The program will support more efficient water management, including the use of leading-edge technology in water-scarce and drought-prone areas, so available water can be maximized for agricultural uses, such as irrigation and livestock watering. Support for additional water infrastructure will also be considered if there is high potential for farmland expansion or if the increase in water supply will lead to more agricultural production.


“Water is essential to agricultural production. However, in recent years, multiple regions of British Columbia have experienced adverse climate events that placed considerable stress on supplies of safe, reliable water for farmers at the most critical time of the growing season,” said Jennifer Woike, president, B.C. Agriculture Council. “Farmers and ranchers are leaders in the efficient management of water resources, and the Agricultural Water Infrastructure program is an important investment in that leadership role.”

The $20-million Agricultural Water Infrastructure program will be open to B.C. farmers, ranchers and agricultural producers as well as Indigenous communities, Indigenous producers, irrigation and improvement districts, local governments, and agricultural and conservation groups.
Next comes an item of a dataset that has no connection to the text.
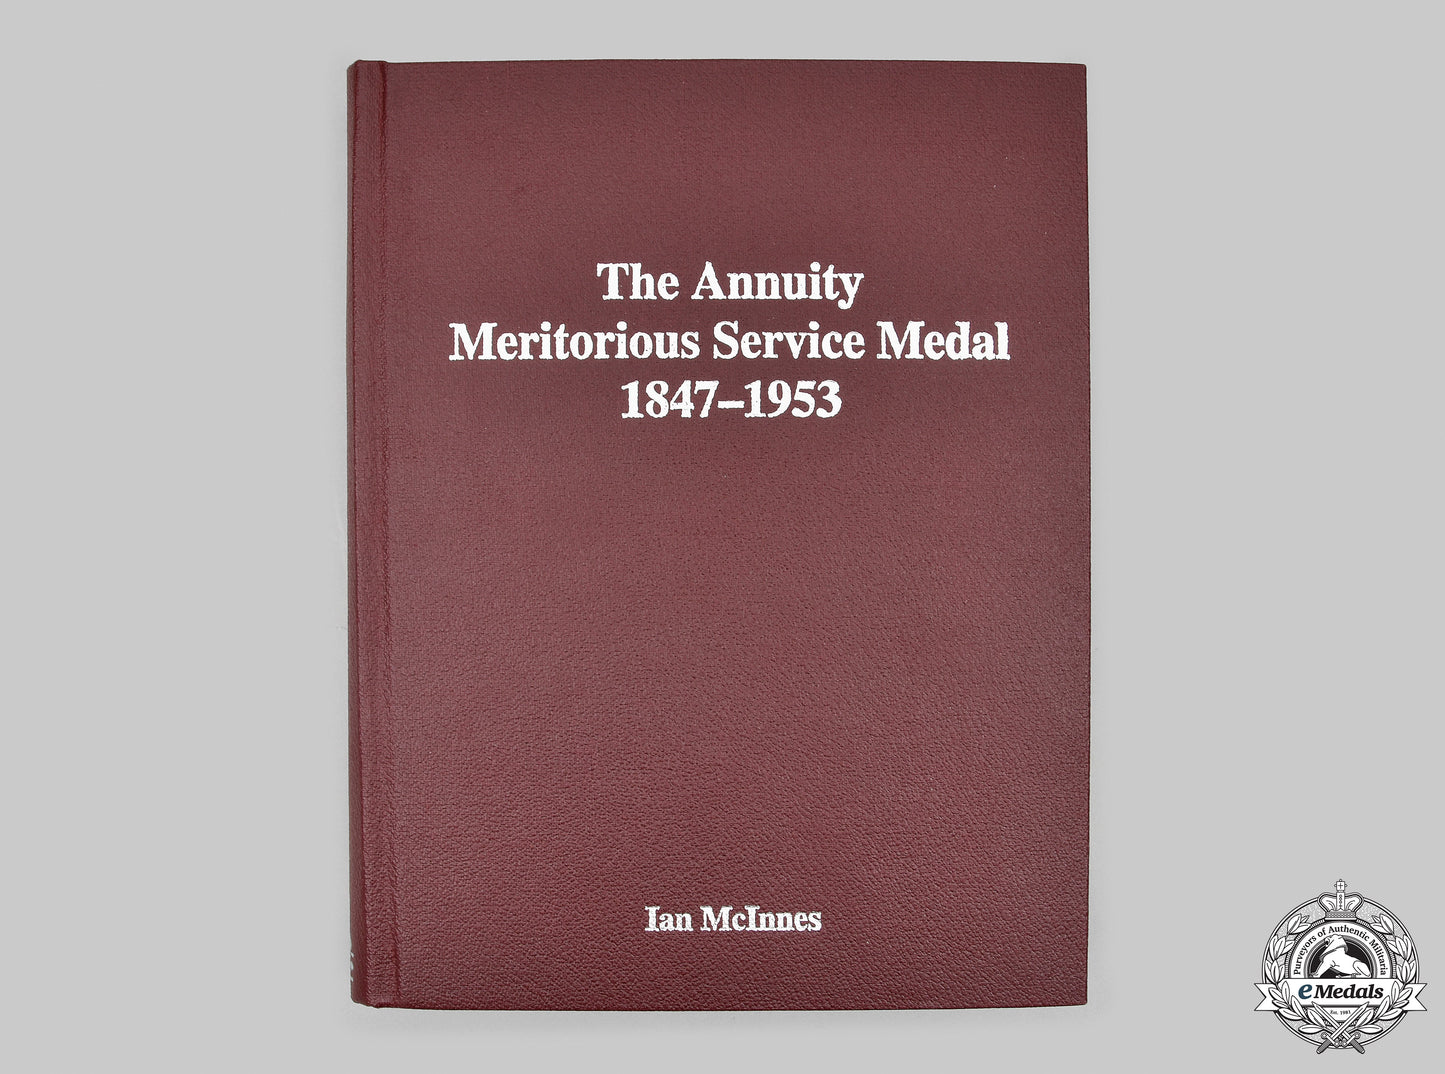 united_kingdom._the_annuity_meritorious_service_medal1847-1953_m21_0097_mnc5761

The program will be administered by the Investment Agriculture Foundation of B.C. (IAF).

“The tree-fruit industry began with the pioneers diverting water from the nearby hills, and we continue to rely on this precious resource,” said Sukhpaul Bal, farmer and president, B.C. Cherry Association. “The cherry industry continues to see strong growth, and developing irrigation infrastructure is going to be key to match the needs of expanding acreage.”